Right, it's just considerably harder so there will be adverse workloads
that will break it (heavy IO on very large numbers of files under high
load with reiserfs is one). I don't have a list of real workloads that
break anti-frag yet so so I want to get anti-frag out there and see does
it help people who really care about hugepages or not.

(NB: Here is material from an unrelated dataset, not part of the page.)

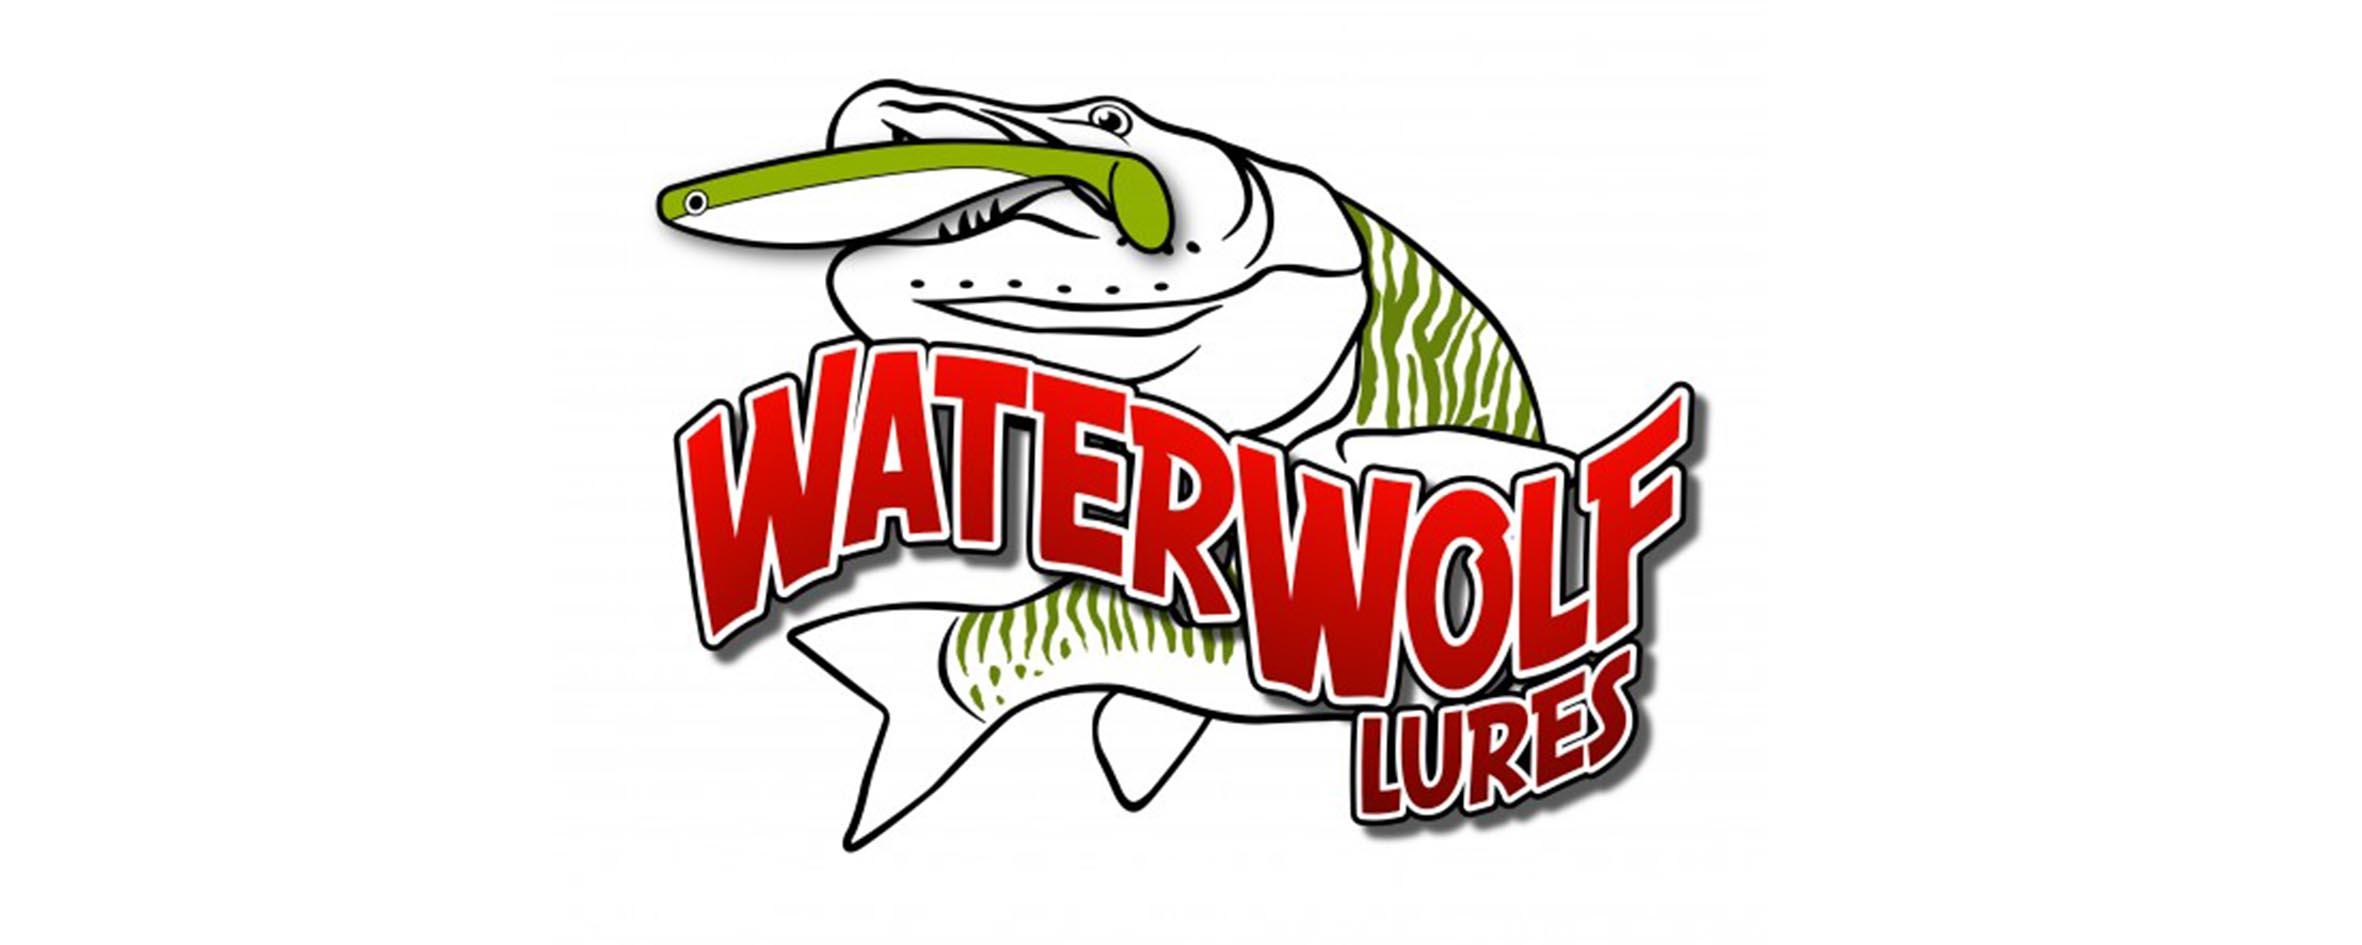 Waterwolf Lures - Shadzilla

I've included a script below that tries to get as many hugepages as
possible via the proc interface. What I usually do is run it after a
series of stress tests or sometimes one a desktop after a few days to see
how it gets on in comparison to the standard allocator. A test I ran there
got 73% of memory as huge pages on a system with 19 days uptime. However,
the machine wasn't heavily stressed during that time and I had configured
min_free_kbytes to be 10% as suggested in the CONFIG help.
Generally anti-frag gets you way more hugepages, but not necessarily the
whole systems worth. To get all free memory as huge pages, I'd need to be
moving memory around and that would be very invasive. It gets better
results with linear-reclaim or lumpy-reclaim patches applied.
For people to get 100% expected results, they still will need to size the
hugepages pool at boot-time or set aside a zone of reclaimable pages at
boot time. This patch is aimed at relaxing the restriction of sizing the
pool up while the system is in use. For example, take a batch-scheduled
machine running HPC jobs. I want it to be able to get more or less
hugepages between jobs without requiring reboots. I'd like to hear from
people who try resizing the pool what sort of success they have and what
sort of workloads broke the strategy on them.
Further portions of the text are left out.